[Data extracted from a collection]

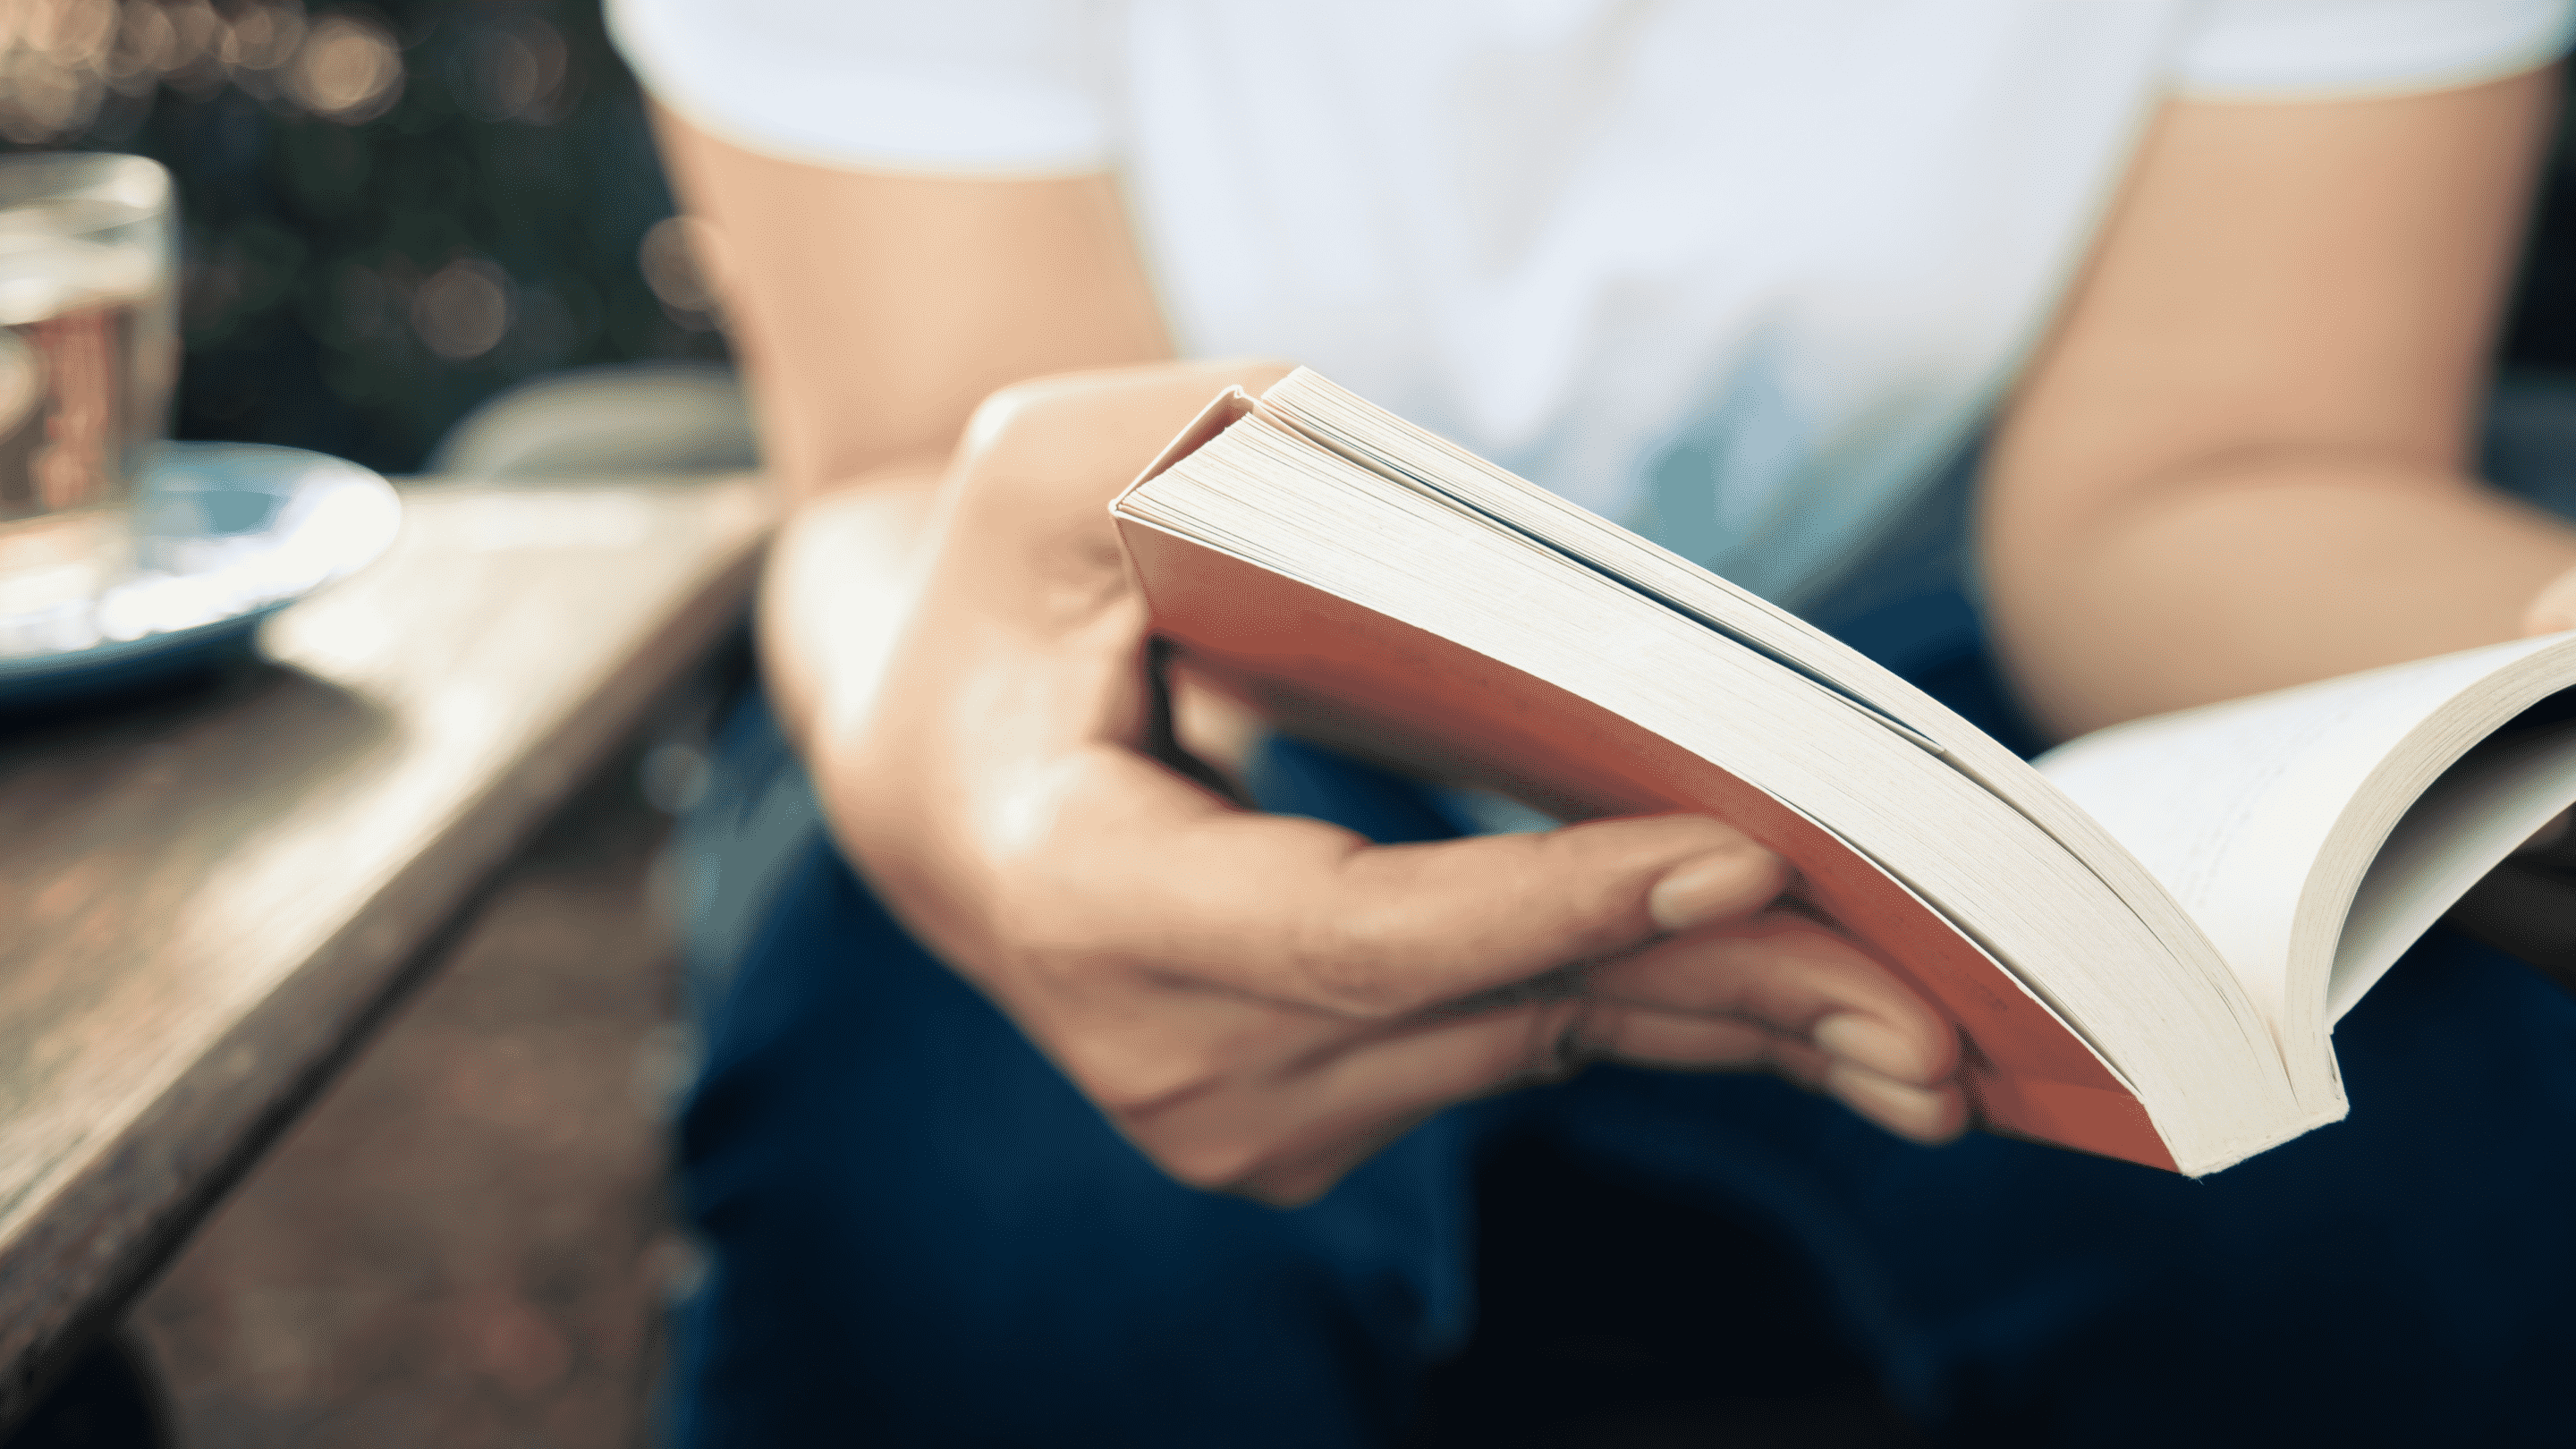 What are the mental health benefits of reading
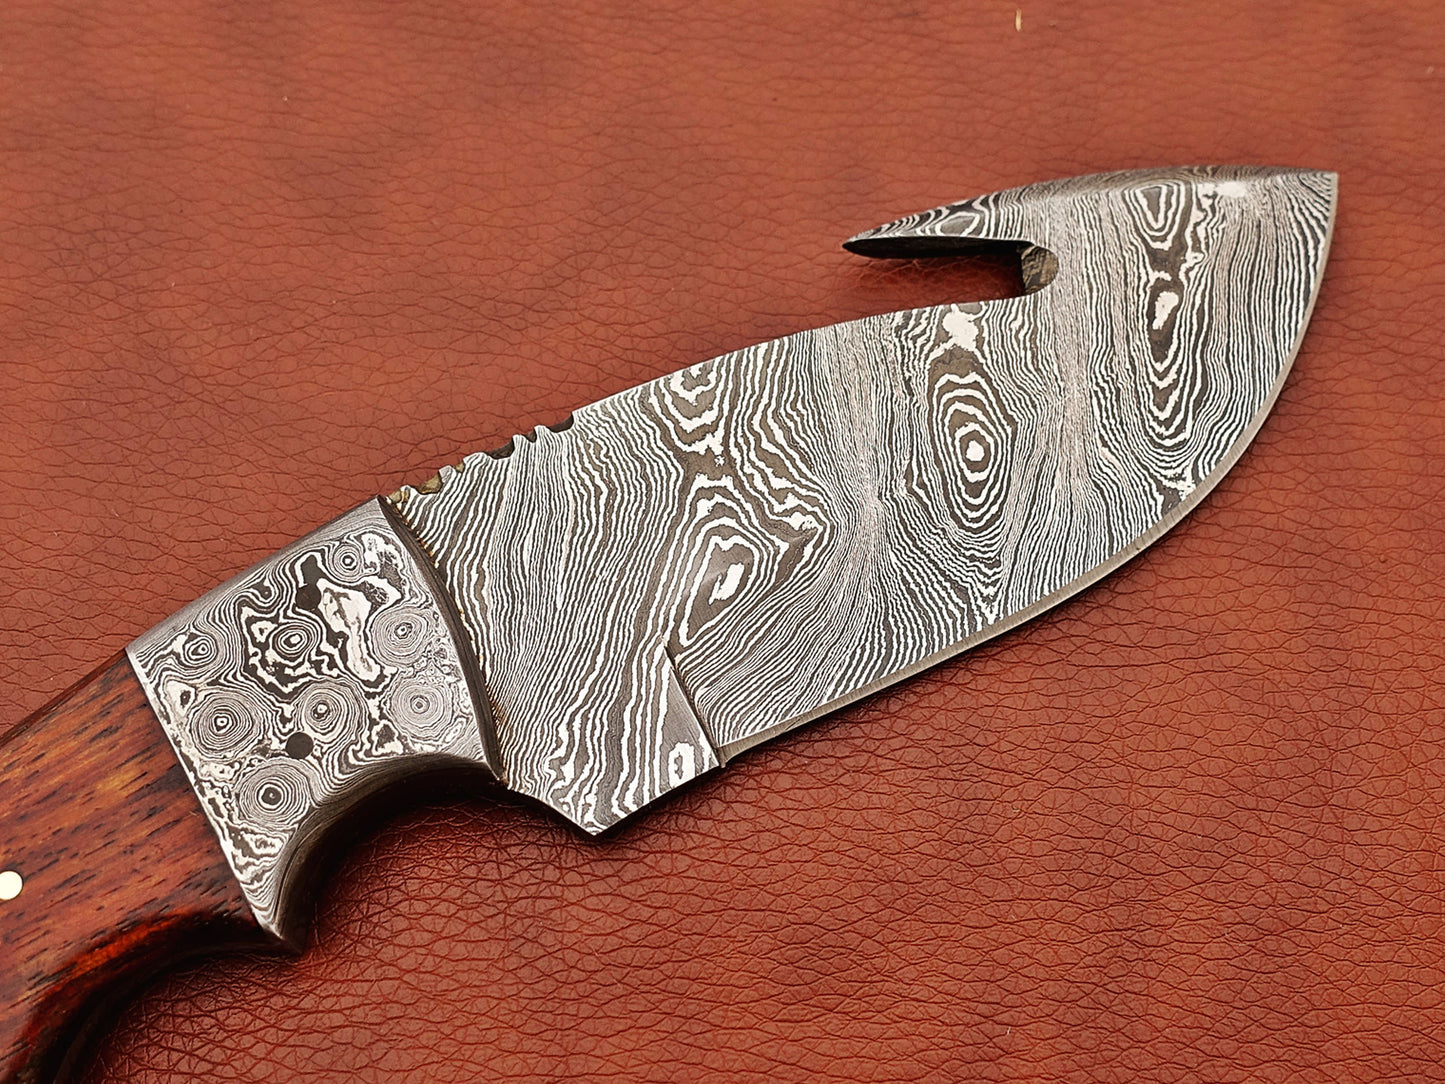 9.5" long Damascus steel Rain drop pattern Gut hook skinning knife, Full tang blade available in 4 colors, includes Cow hide Leather sheath
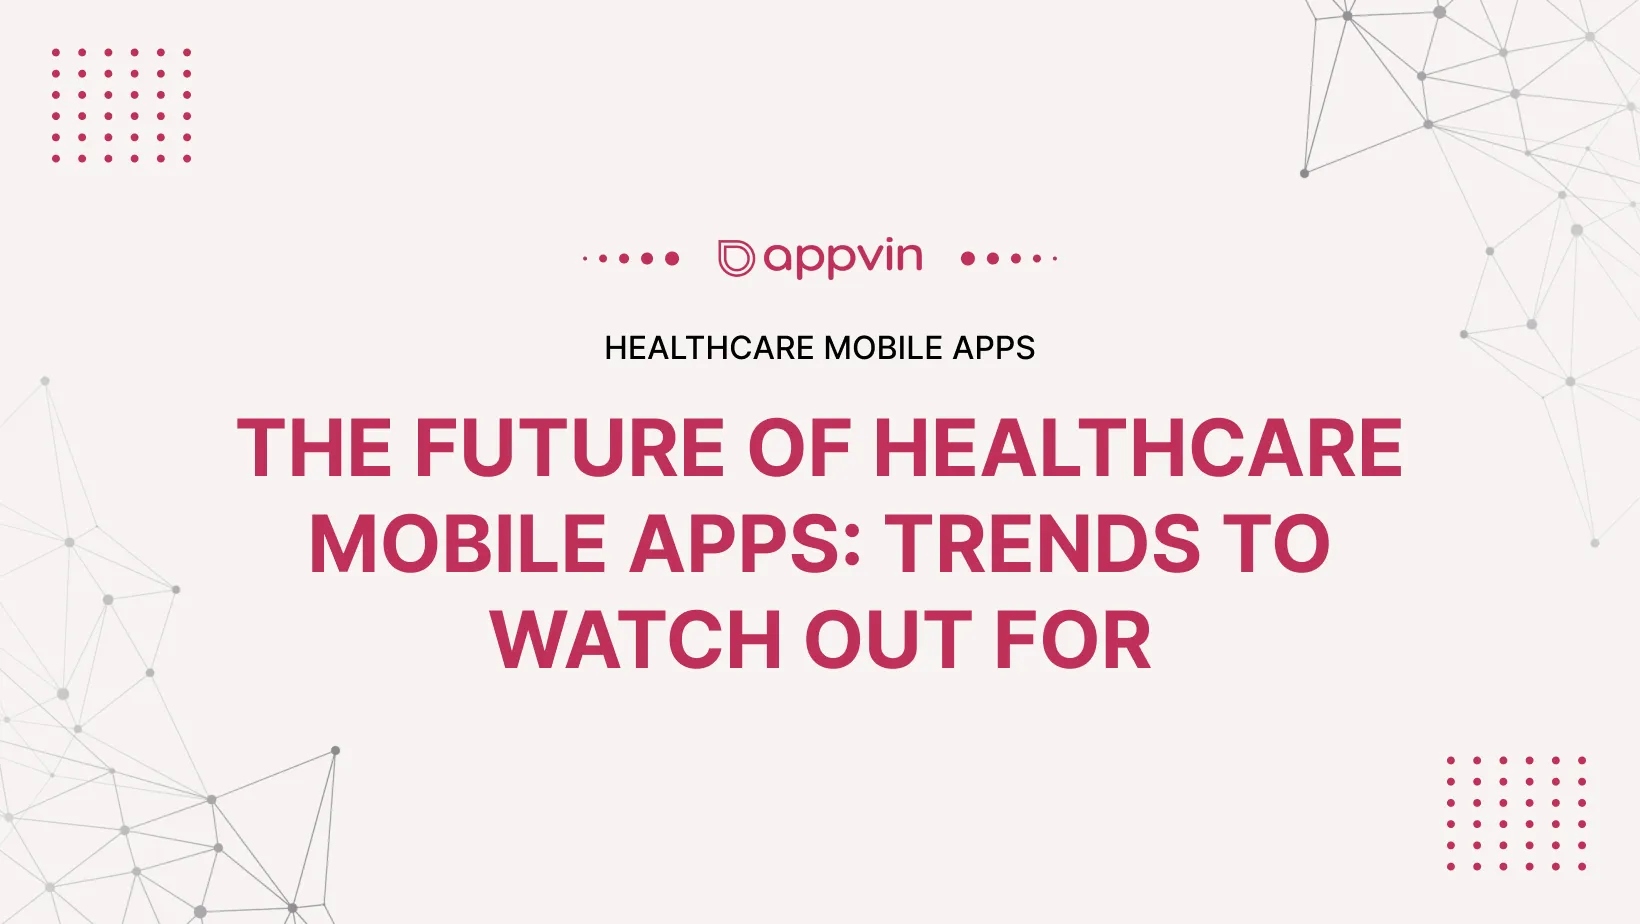 The Future of Healthcare Mobile Apps: Trends to Watch Out For
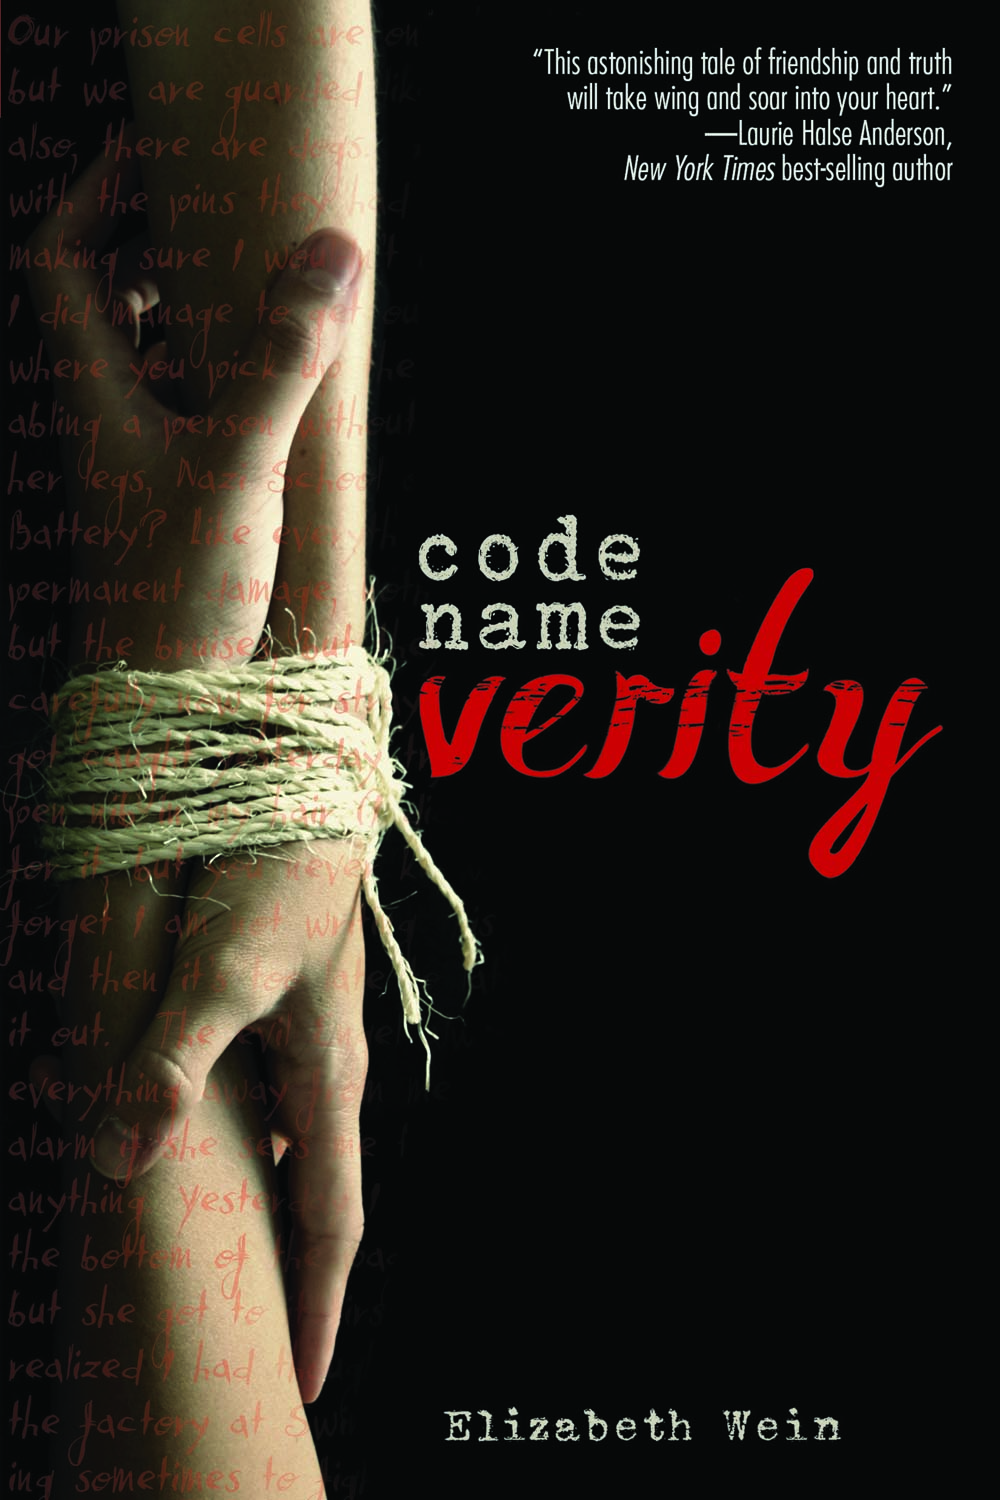 This is a review of the book Code Name Verity.
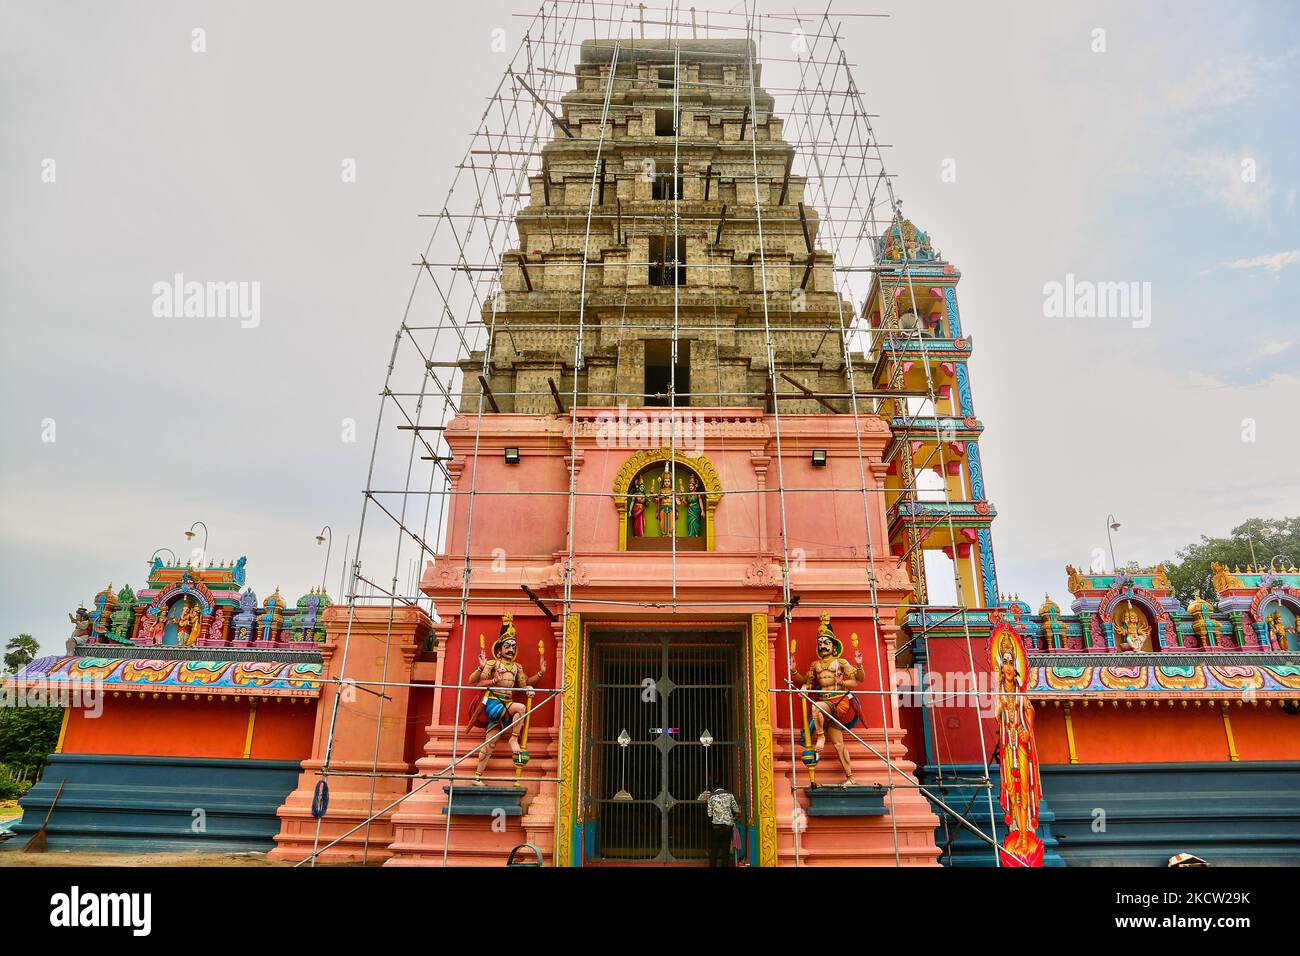 Scaffolding seen on a Hindu temple in Mullaitivu, Sri Lanka. This temple was known to have been frequented by Velupillai Prabhakaran, the deceased leader of the LTTE (Liberation Tigers of Tamil Eelam) fighters. The temple was damaged during bombing by the Sri Lankan army during the civil war and is now being rebuilt. (Photo by Creative Touch Imaging Ltd./NurPhoto) Stock Photo

* [WHAT NEEDS TO BE DONE]
Each line from the start of the entries through the line with "This is a review" is to be restated exactly, and the pictures are to be skipped.

* [EXERCISE RESPONSE]
 What are the mental health benefits of reading
 9.5" long Damascus steel Rain drop pattern Gut hook skinning knife, Full tang blade available in 4 colors, includes Cow hide Leather sheath
 The Future of Healthcare Mobile Apps: Trends to Watch Out For
 This is a review of the book Code Name Verity.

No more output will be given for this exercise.